Hostile Work Environment – What is Hostile Work Environment?

The hostile environment in the workplace refers to any work setting where there is undue pressure, intimidating behavior, or physical or verbal abuse directed at another individual. In the United States, the term “hostile work environment” exists if one’s conduct in a workplace creates an uncomfortable or unsafe working environment for another individual, because of illegal discrimination. A hostile work environment is usually unlawful and constitutes severe or detrimental interference with another individual’s work performance, enjoyment, or dignity. If a company is found guilty of creating a hostile or uncomfortable working environment, the court can require them to correct the behavior or pay monetary damages. Under U.S. labor laws, an employee can bring a private lawsuit against the employer, if they are subjected to race, gender, age, national origin, or any other category protected by federal or state law. In most cases, private lawsuits must be brought by an employee within a three-year employment relationship.

 

Sexual harassment

Hostile environments often occur in the office environment but can also occur in the school or even in the hospital. Sexual harassment occurs when a status of a sexual nature is used either in the workplace or otherwise in a public or private environment. For example, if employees are asked to refer to another employee by using suggestive language or to participate in a sexual act, this could constitute harassment. Harassment can include offensive comments about a person’s gender, physical appearance, religion, or race.
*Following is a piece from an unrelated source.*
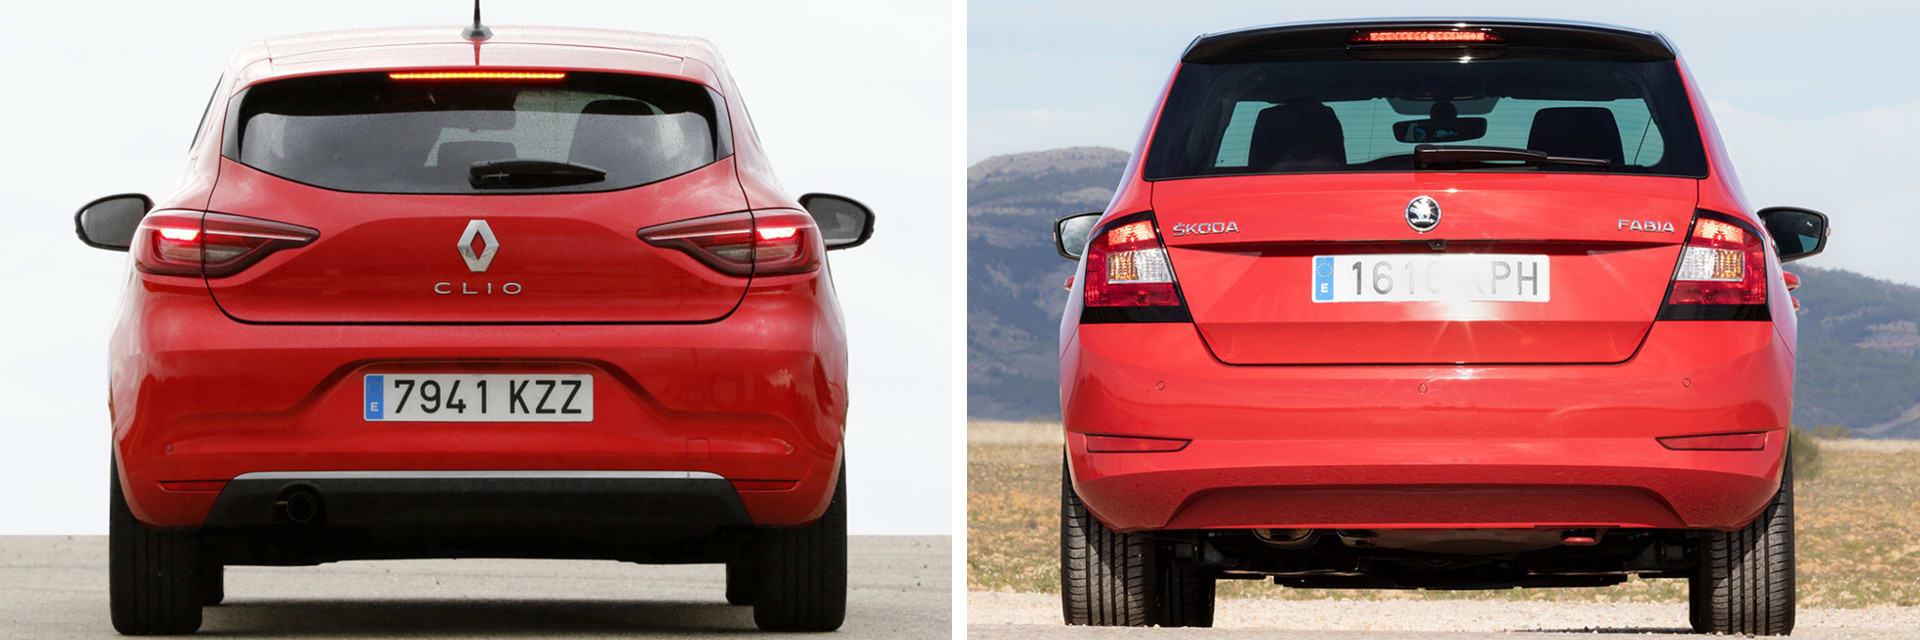 El Clio Intens cuenta con un equipamiento de serie más abundante que el Fabia Style (dcha.) / km77

However, the court may not allow a claim of sexual harassment based solely on the result of being asked to perform a task that does not relate to the person’s ability to do a job.

 

unfairly discriminated

There are many gray areas in the definition of a hostile work environment. In most instances, if an individual feels that they have been unfairly discriminated against, they can file a claim with the U.S. Equal Employment Opportunity Commission or EEOC. To begin filing a claim, the victim should document all incidents of social media harassment and any information that may be relevant. The more accurate and detailed the documentation, the better chance one has of success. This documentation will help to paint a clear picture of what occurred so that appropriate action can be taken by the company or employer.

 

unlawful harassment

Many employers try to argue that they cannot be held responsible for something that someone else might consider to be offensive conduct because that conduct would be considered a “personal” issue. However, courts have repeatedly rejected that argument, especially when a victim decides to sue the company for illegal harassment. If the employer cannot reasonably excuse themselves from responsibility for their actions, they must be held financially responsible for any action resulting from their employee’s status as a victim of unlawful harassment. In the case of Benny Boyd Auto Group, the victims brought a lawsuit after being subjected to offensive conduct in the workplace.

the EEOC

The EEOC decided that the defendants could be held financially responsible for statements that they made about one of their employees (a female supervisor) and their sexual orientation. While the defendants did not admit to making the statements in any way, the court found that they continued to make statements about the victim after they were aware that they were unlawful harassment. For example, the company’s owner had told another employee that he thought it was funny when the latter said that he enjoyed making advances on women. This statement was the basis for the victim making a complaint that resulted in the EEOC putting the company under a national microscope and forcing it to change its policy prohibiting discrimination due to sexual orientation.

 

Unfortunately, companies often use their discretion to avoid addressing offensive conduct, even if they are aware that it is unlawful. In the case of Bait Shop Baitwall, the company avoided addressing reports of its owner’s harassment of employees by pointing out that he worked for an agency rather than a brick-and-mortar business. However, to hold a company accountable for its actions, it is vital to show that there was a hostile work environment and that the company was aware of the hostile environment at the time that they took the action that they did.